# Mold again!



## tommy2 (Feb 13, 2007)

Out of the last 6 cultures I made 4 of them have mold in them, green fuzz and black. Not sure what I am doing wrong. I do add vinger and water to the mix. Any ideas?


----------



## Ed (Sep 19, 2004)

If you are making cultures with flies from a culture that mold it will continue to show up. 
Your media or other items used in culturing could also be contaminated. 

Ed


----------



## tommy2 (Feb 13, 2007)

I am using the flies from cultures that do not have mold.


----------



## Ed (Sep 19, 2004)

Are you adding baker's (live) yeast to the cultures before you add the flies?

Then your media or something else you are using is contaminated. Possibly anything else you are putting in the cultures like coffee filters, excelsior... 


I would suggest microwaving the cultures when you make them. I run mine through the microwave for about 2-2.5 minutes/4 cultures. 

Ed


----------



## heatfreakk3 (Oct 15, 2008)

What kind of media do you use? I use joshes frogs media and have never had a problem.


----------



## Ed (Sep 19, 2004)

the problem is that contamination can occur when you get the first case and open the container spraying spores everywhere. 

Ed


----------



## tommy2 (Feb 13, 2007)

I am using live yeast...interesting.....I am using coffee filters...I bet you that is it.....


----------



## kinison (Jul 1, 2010)

I use coffee filters in all of my cultures and never get any mold. I use to make media with vinegar. The smell drove me crazy. Now I make my own dry media and use methylparaben. It works better, no smell, no mold, and cheaper in the long run. I think im down to about 7 cents a culture. And my fly production is far superior than any of my vinegar cultures ever were.


----------



## heatfreakk3 (Oct 15, 2008)

I use coffee filters as well, never had mold before.


----------



## Ed (Sep 19, 2004)

Whether or not one person is getting mold issues from the substrate they add for the flies, does not mean that this is automatically extendable to anyone else as contamination could occur in a person's house. House dust can easily contain spores and if the coffee filters (or excelsior, etc) become contaminated this can be an easy source of the problem for that individual. 
The only way to be sure is to make some changes to eliminate the potential source of contamination. 

Ed


----------



## tommy2 (Feb 13, 2007)

Agree.....I have used cofee filters in the past without issue.


----------



## jackj921 (Apr 17, 2008)

I am using a pinch of bakers yeast to my cultures, the medium coming from Brian's Tropicals in Ohio. I did notice a while back that I get mold on occassion when the cultures are housed on a counter but I almost never get mold when the cultures are housed INSIDE a cabinet in a dark environment.


----------



## kinison (Jul 1, 2010)

jackj921 said:


> I almost never get mold when the cultures are housed INSIDE a cabinet in a dark environment.

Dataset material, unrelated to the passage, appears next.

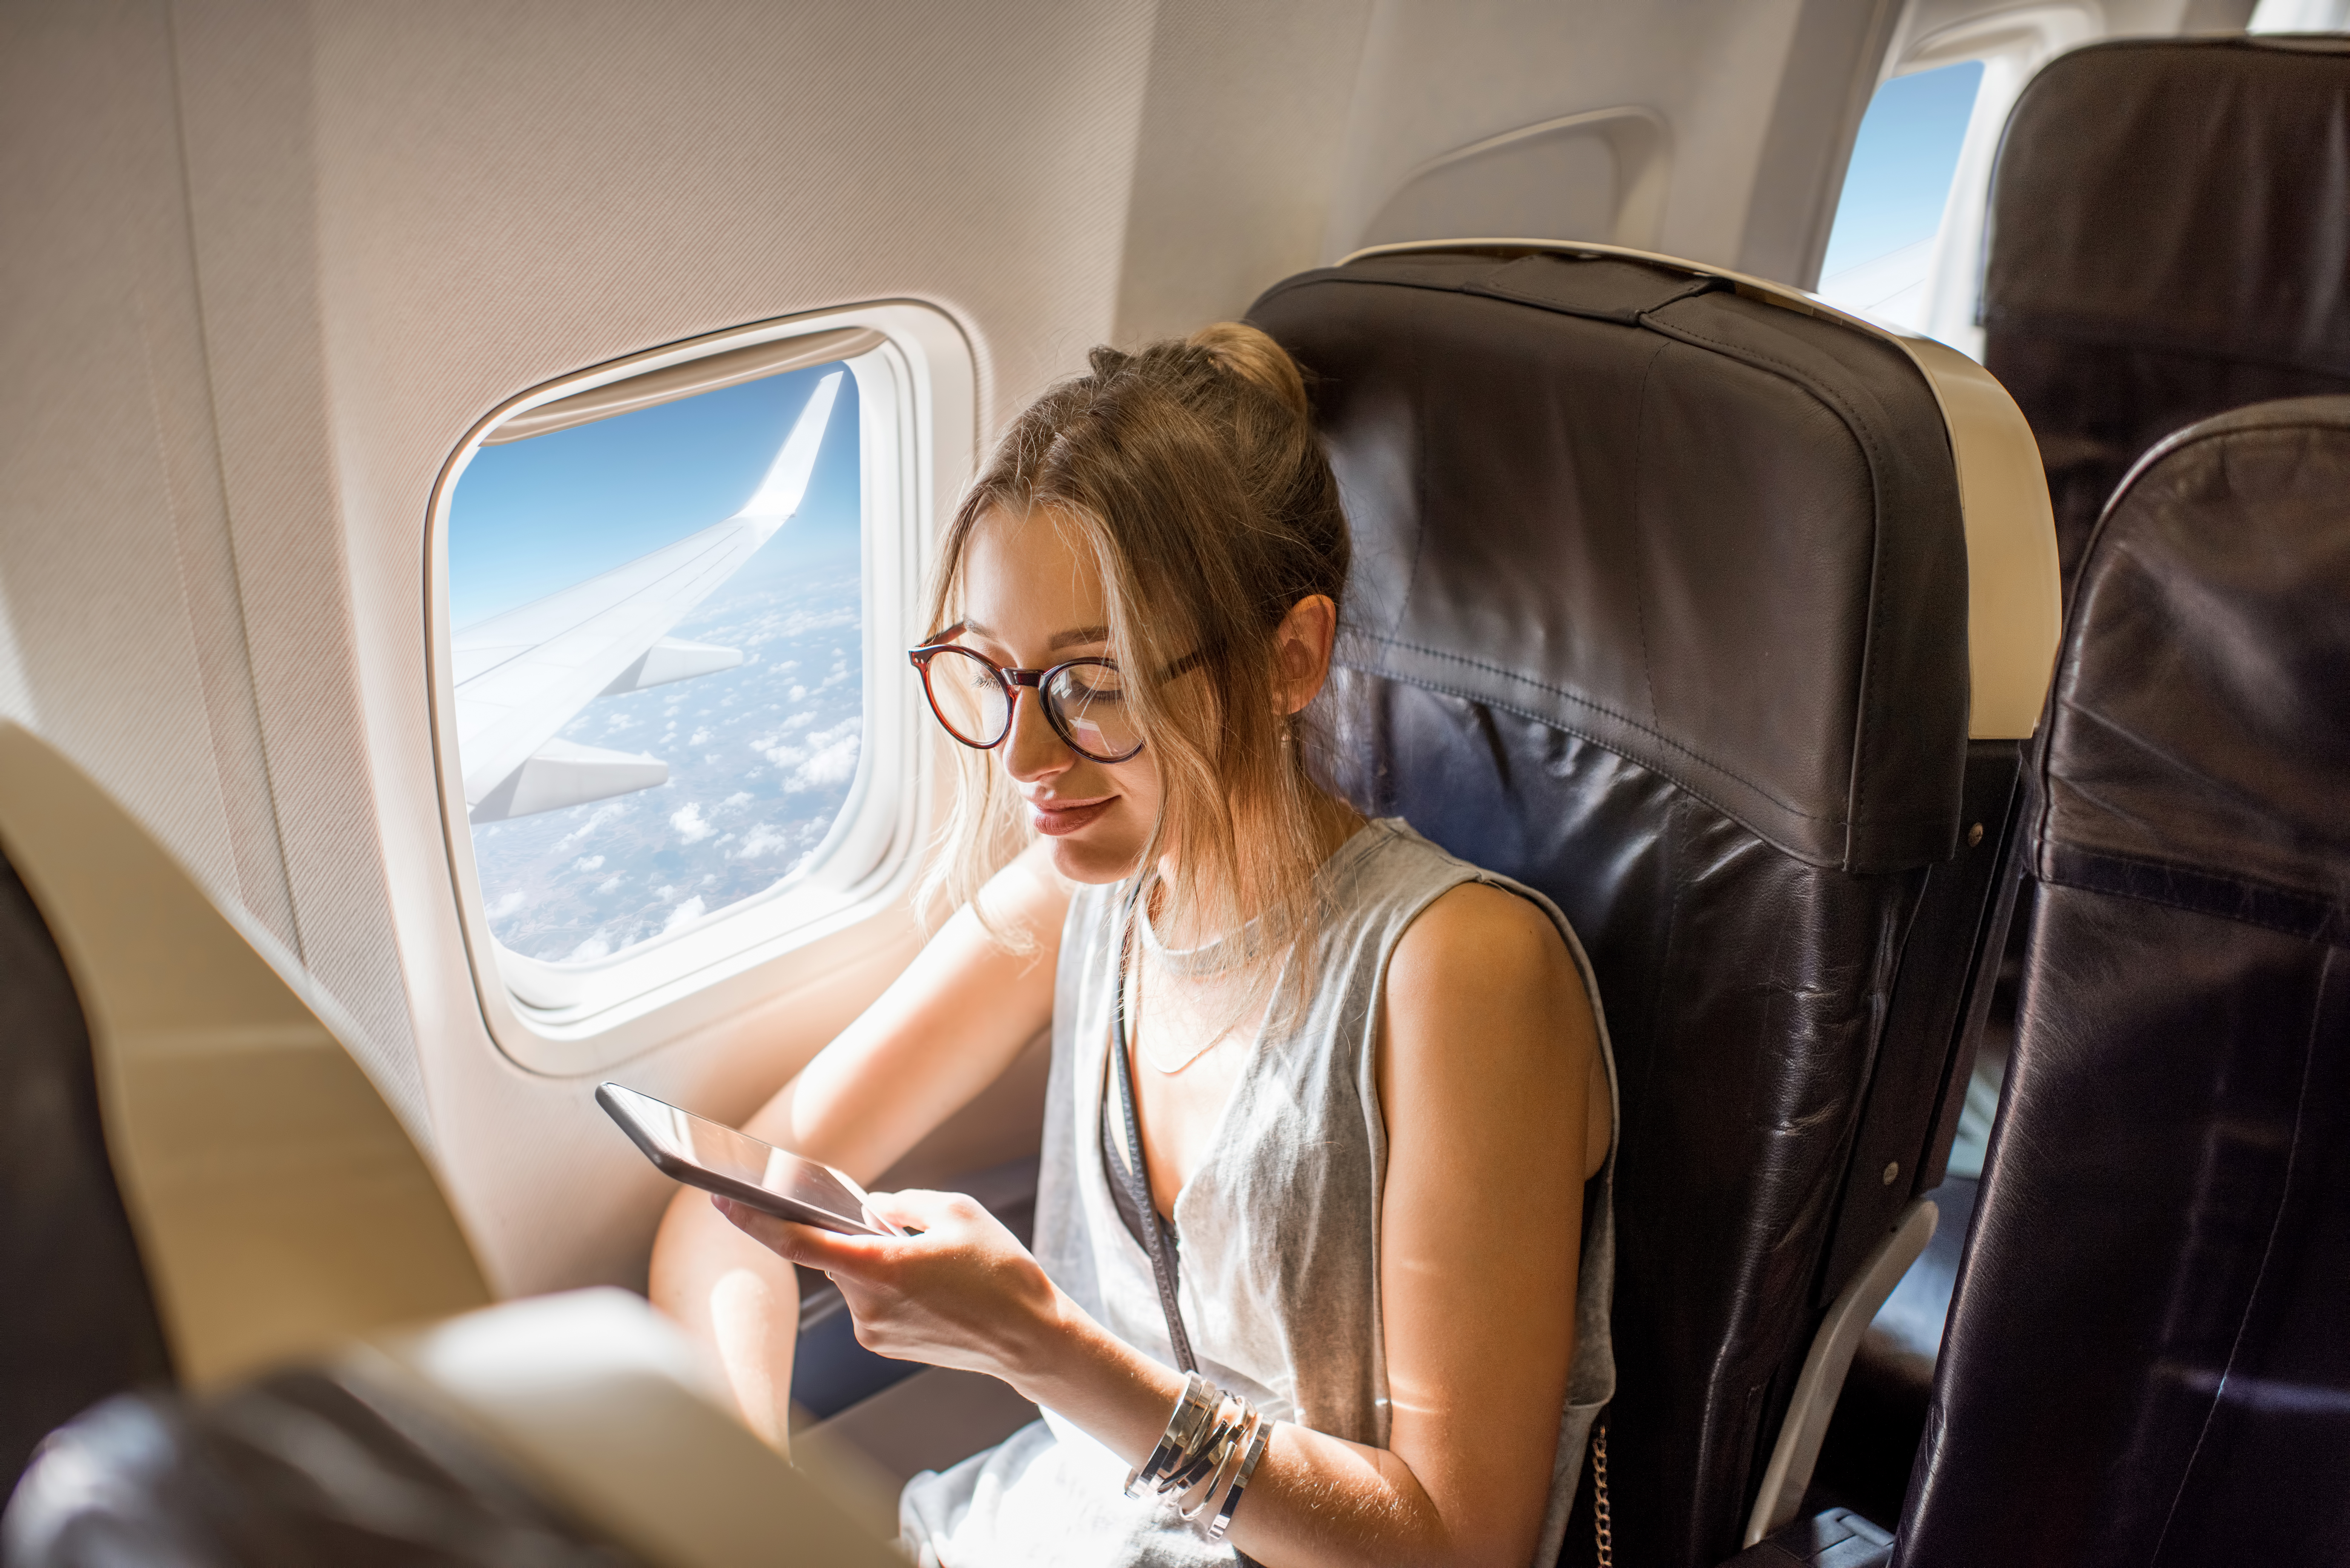 A woman in an airplane | Source: Shutterstock

This could be a good point. My cultures only see light when I go in for feeding time. They are almost always kept in the dark.


----------



## rlove250 (Dec 29, 2009)

I keep my cultures in a dresser in the basement and they have gotten mold in the past. However, that was when I would add 1/2 mix, 1/2 cup water + 1 table spoon of vinager. Now I've done 1 cup mix, 3/4 cup water, 1/4 cup vinager and there is no mold yet.


----------



## Ed (Sep 19, 2004)

kinison said:


> This could be a good point. My cultures only see light when I go in for feeding time. They are almost always kept in the dark.


There are a lot of potential vectors for mold to get into a container but very few if any are going to be after the culture has been closed up... (unless you are opening the lids and closing them again before the yeast and flies are established). Black mold (usually Aspergillus niger) is a mold that is found in virtually all areas of the countries and is a very common indoor mold (it should be considered ubiquitous). 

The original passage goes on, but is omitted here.